Kill and Tell
PublisherFaber and Faber
Date Published01 May 2014
Price£ 7.99

Kill and Tell

by Adam Creed

DI Will Wagstaffe is desperate to find evidence to exonerate a subordinate of the murder for which he is on remand, but the disappearance of a man with Sicilian ancestry is a distraction.


Detective Inspector Will Wagstaffe, ‘Staffe’ as he is familiarly known, is back at work while still recovering from two bullet wounds received from Golding, a member of the East London e.gang. Golding was subsequently shot and killed himself, and DS Pulford, one of Staffe’s team, is incarcerated in Pentonville on suspicion.

Pulford’s release would stir up controversy, the very last thing the upper echelons of the police and politicians want, with an election coming. But he is vulnerable to e.gang members inside, and Staffe is urgently seeking the evidence to secure Pulford’s safety.

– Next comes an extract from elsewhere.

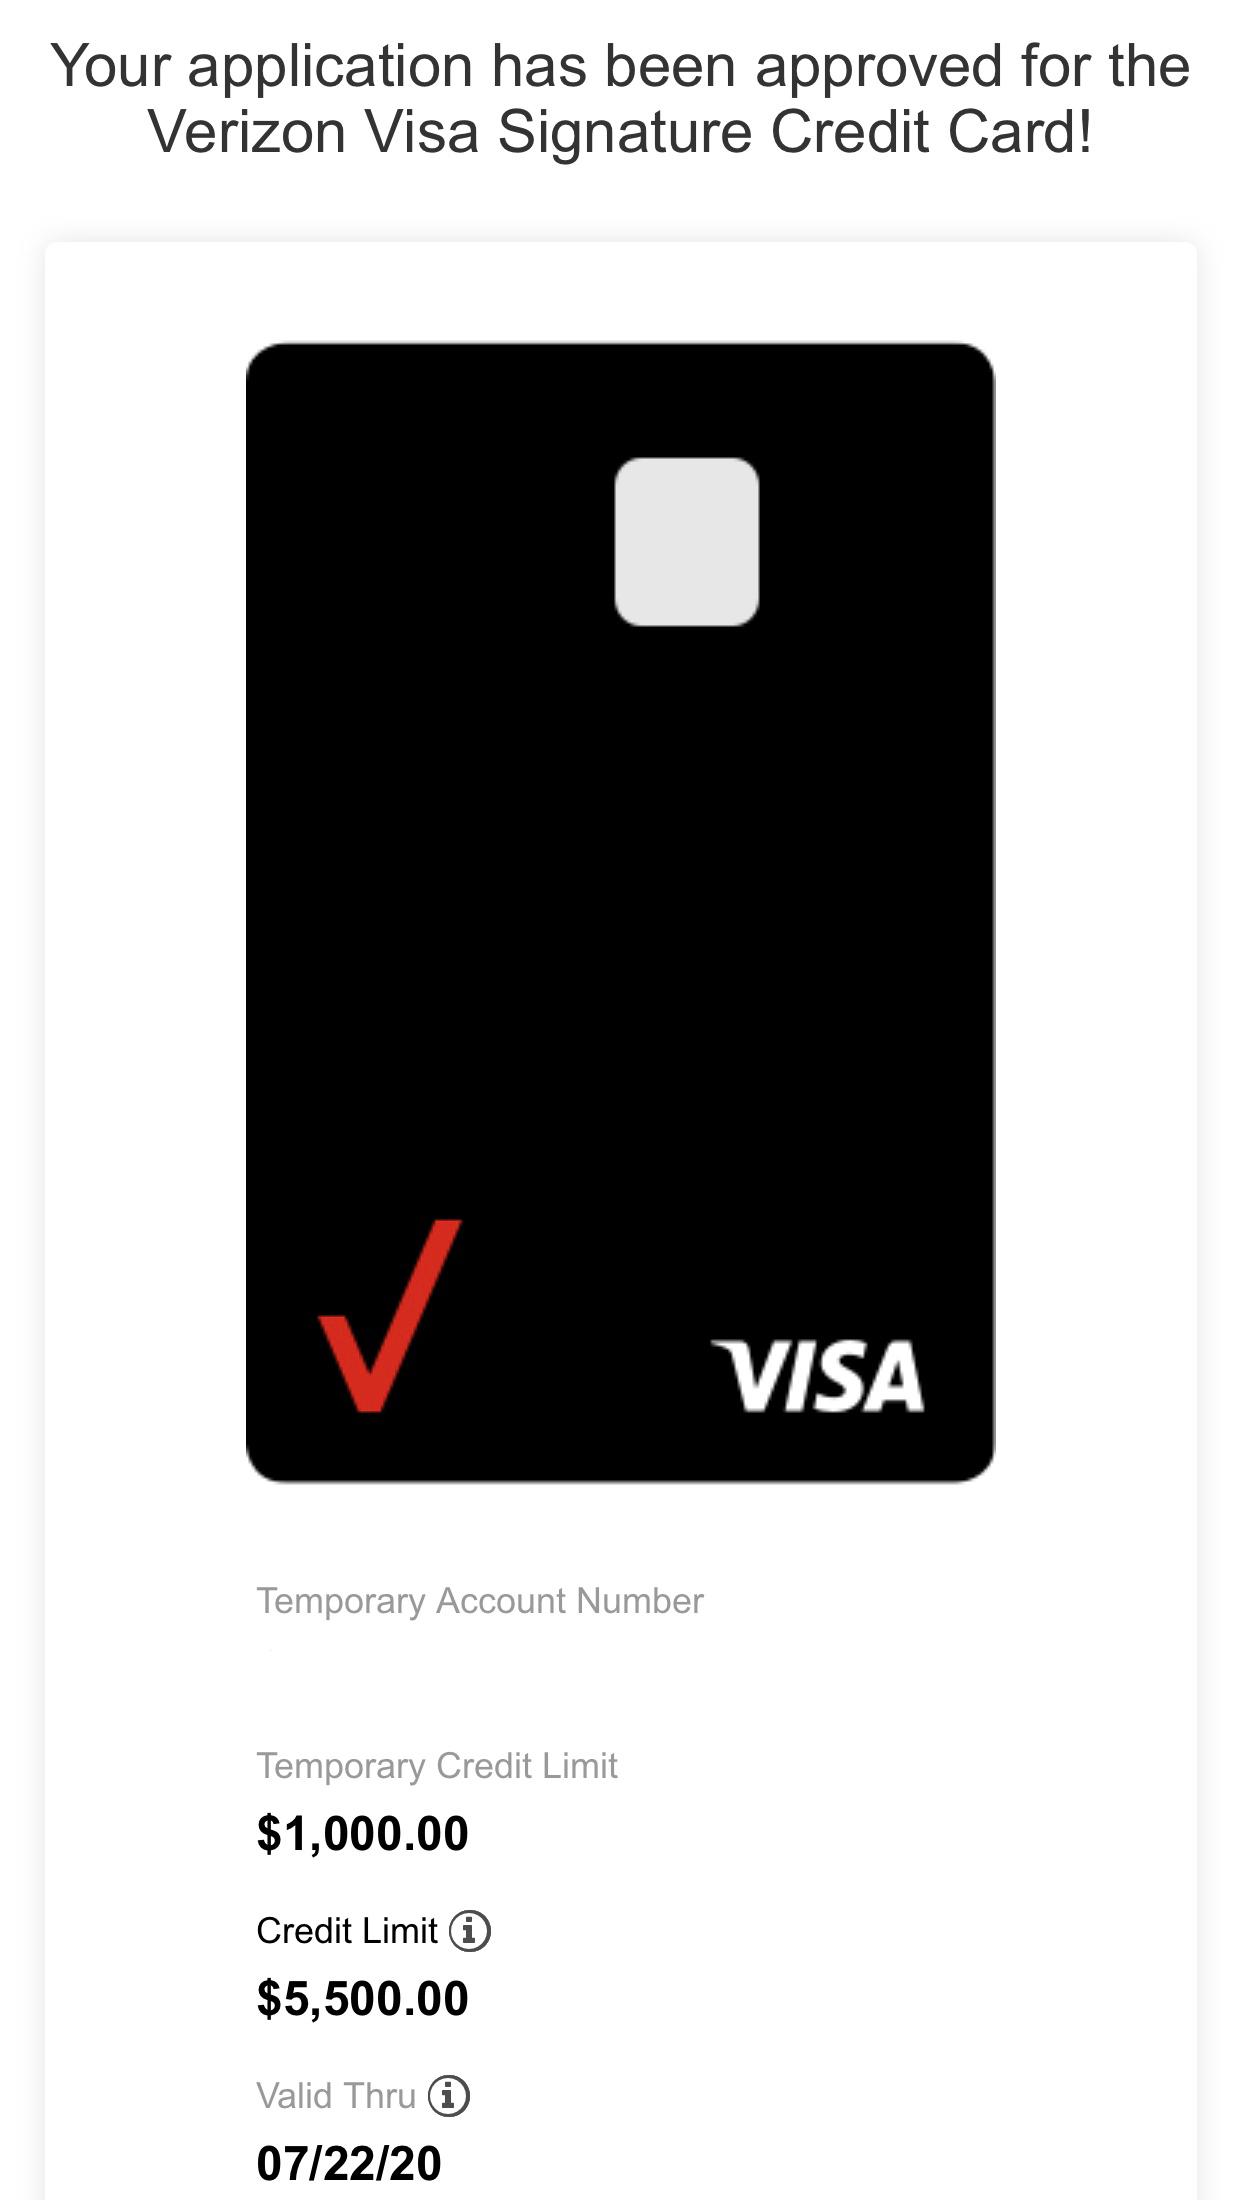 Verizon Visa Approval$8 - myFICO® Forums - 8

Another case has fallen into his lap, however, and he needs to be able to show progress to ensure a future in the police force.

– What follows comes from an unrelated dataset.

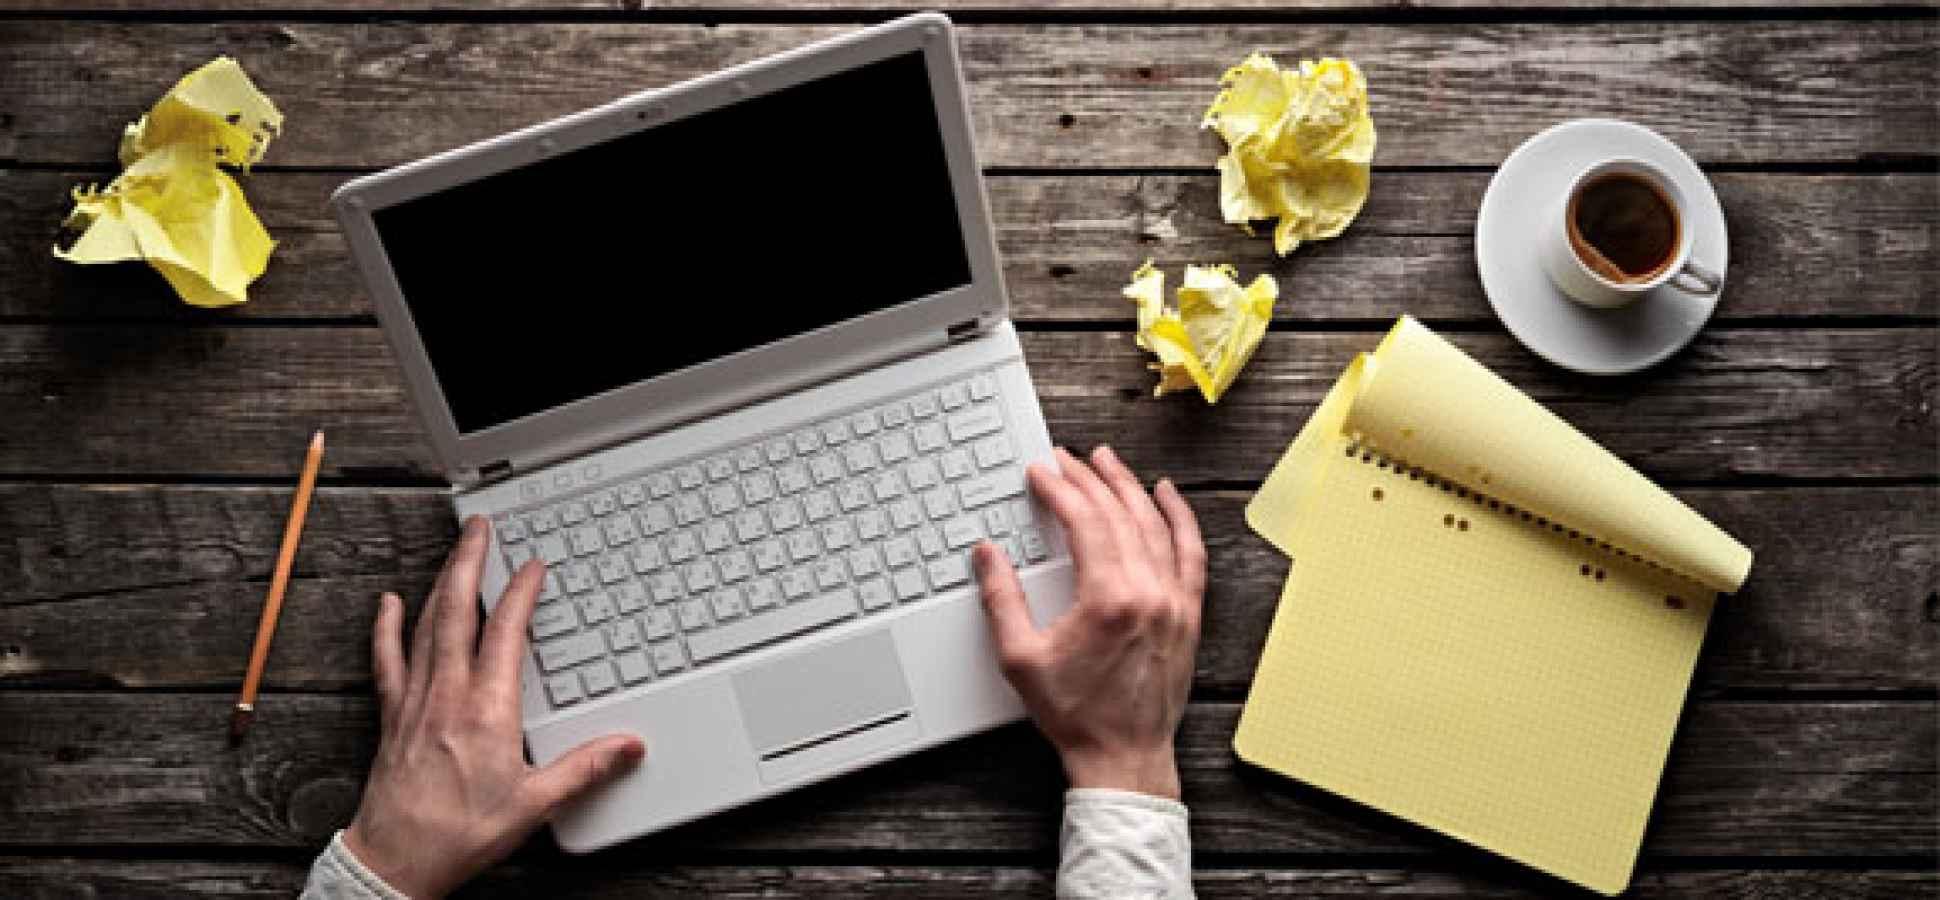 9 Ways to Create an Amazing Blog

This second case concerns Carmelo Trapani, a man who came to UK from Sicily around the time of the famous riots in Cable Street in 1936, when Jews, Communists and others tangled with the Fascist Blackshirts in London’s East End. Carmelo has since become wealthy, but has maintained close links with others from his homeland. His disappearance has the hallmarks of foul play, but it seems that he was forewarned, as he left instructions for an announcement on the distribution of his estate if he did not resurface within a week.

Kill and Tell is the fifth Staffe book, and although intelligible to a reader coming new to the series, the background to relationships, both professional and private, developed in earlier books would aid in understanding. This is especially so since the behaviour of the key characters is seemingly guided largely by instinct and feel. We hear about Staffe’s long-standing partnership with Sylvie, who notwithstanding problems wants a child with him, and his affair with Josie, another subordinate DS. At work he is in competition with Rimmer, another DI, and has an equivocal relationship with Pennington, his boss.

All this adds up to a rather unusual police procedural, with individual insights and initiatives more in evident than the direct lines of approach to crime-solving. The two crime stories are interwoven but do not intersect except insofar as they compete for Staffe’s energy. Actually it is difficult to credit that Staffe would not be on Pulford’s case full time given the latter’s vulnerability, even less that he would not be placed in isolation when on remand, nor that his mother would be left unprotected.

The present tense is used throughout, which as ever tends to position the reader close to the action. The drama of the confrontations – Pulford with e.gang members and Josie with members of the London underclass – are thus enhanced and are pretty raw. Kill and Tell will particularly appeal to those who find the London crime community an interesting field.